魔術師は得てして景観よりも実利を重んじる。ぐにゃぐにゃと天井に走る配管や奇妙な音、配線類は見る人が見れば顔を顰める事だろう。
そこかしこには空いていない箱が放置され、どうやらまだ引っ越しの後の片付けが済んでいないようだ。
だが、金属の臭い。オイルの臭い。音に見た目、その全てが僕を高揚させる。
「素敵な家だ。僕も住みたい」
「…………フィル、貴方は変わっているのです。そんな感想を抱いた人は貴方が初めてなのです」
「ん? この家に入ったのは身内以外では僕が初めてでは?」
エティはしばらく黙っていたが、やがて小さな声で言った。
「………………その通り、なのです。レイブンシティには、引っ越してきたばかりですから……」
耳が赤くなっている。言い訳がましいその言い方が少し面白い。恐らくまだ部屋が片付いていないというのも、エティが僕を家に入れるのを気乗りしなかった理由の一つなのだろう。
案内された応接室は応接室と呼ぶには余りにも雑多だった。
あちこちに得体の知れない機械が放置され、書物が山積みにされている。唯一、応接室足らしめるのはソファとテーブルだけだ。
だがなるほど、機械魔術師らしい屋敷である。《魔物使い》はコネや外聞も使わねばやっていけないほど弱い職だが、機械魔術師は全てを押し通せるような実力を持っているし、訪れてくる人もそれを目的としている。このスタンスは正しい。
「…………寝室はどこ?」
「? 寝室なら――って、寝室が関係ありますか!?」
「いや、寝室もこんな感じなのかなって」
「!? さっさと用件に入るのです!」
いや……ただの興味本位だよ。僕だって誰にでもこんな事を言うつもりはないが――生活空間には性格が出るものだ。
それに、エティはどうやら余り人付き合いが得意な方ではないようだし、少し踏み込んだ方が仲良くなれそうである。

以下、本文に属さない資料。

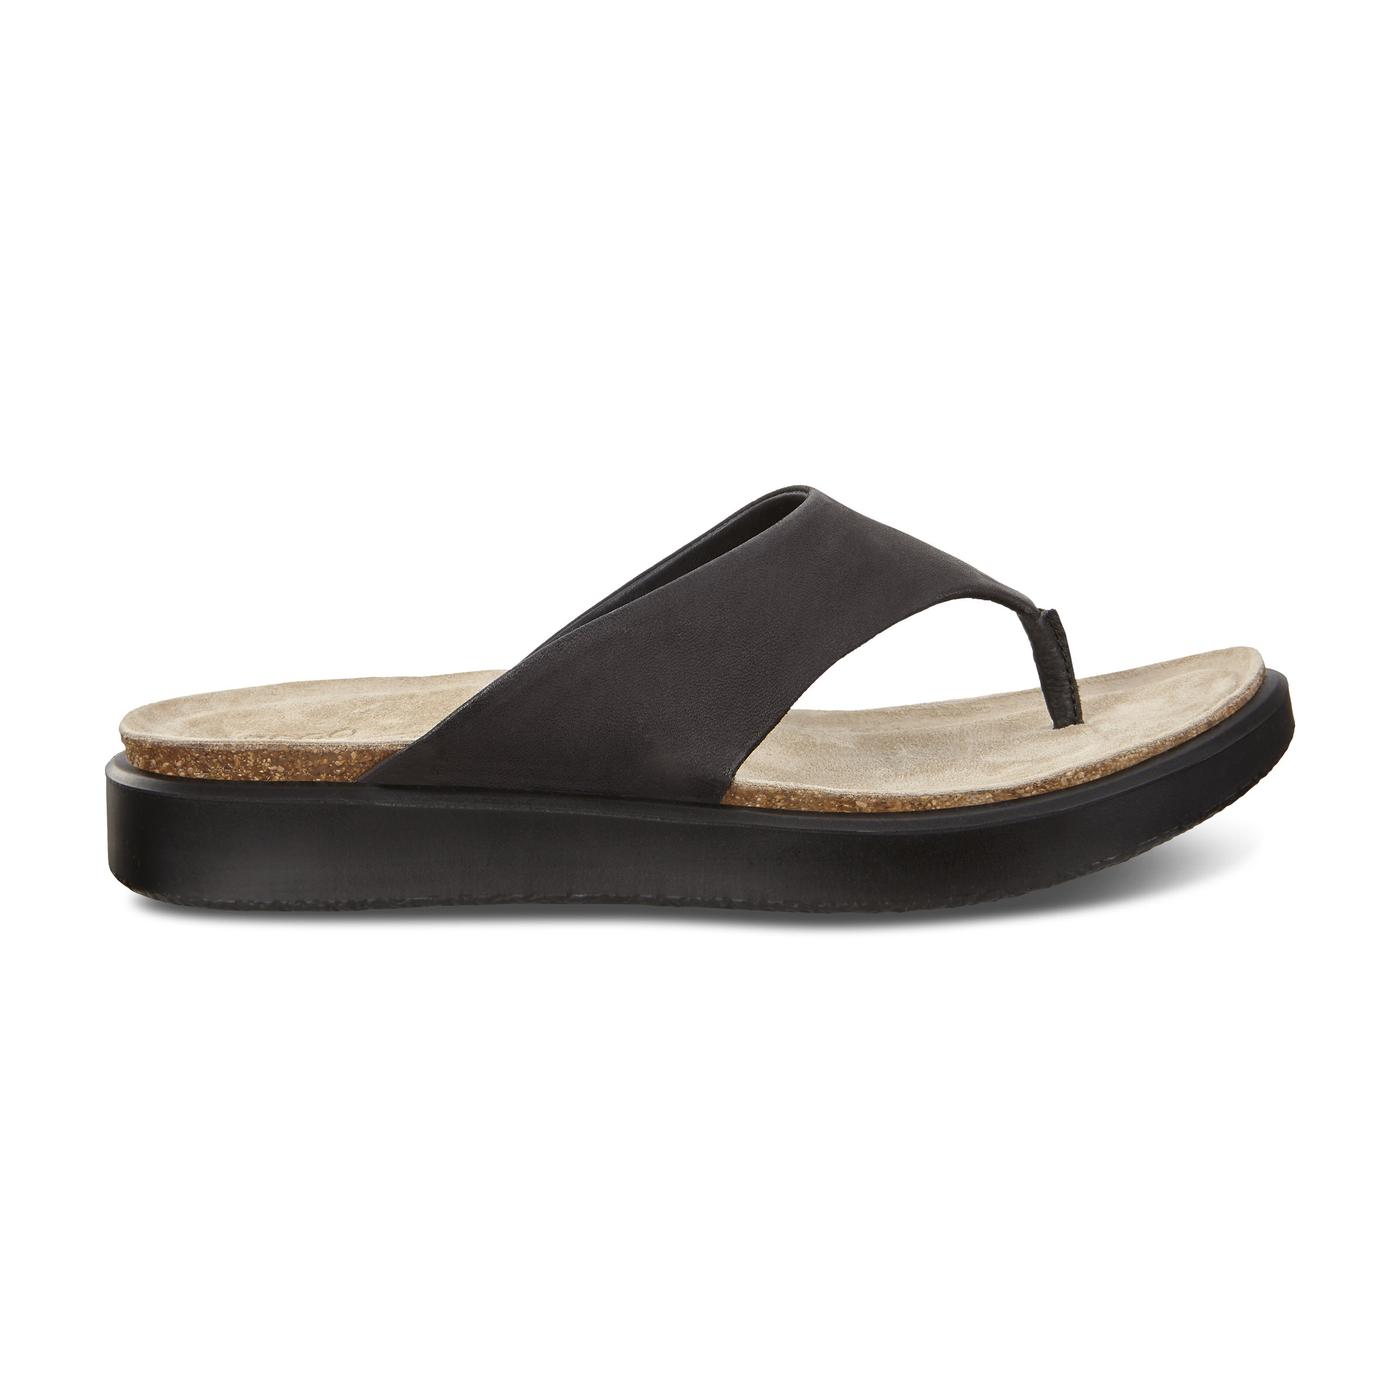 ECCO CORKSPHERE Women's Thong Sandal

「ところで提案なんだけど――シャワーでも浴びてきたら? その間に僕は部屋を見せてもらうから」
「は……はぁ? なんで――」
「いや、寝癖がついてるからさ。疲れているようだし、少しリフレッシュした方がいい」
「!?」
魔術師ってのはこれだから――。
僕も暇ではないが別に喫緊というわけではないし、エティの研究室はそれはそれで興味深い。疲れた相手と接するのは気を使う。
寝癖に気づいていなかったのか、エティは頻りに髪を手の平で押さえつけると、恥ずかしそうに顔を赤らめ言った。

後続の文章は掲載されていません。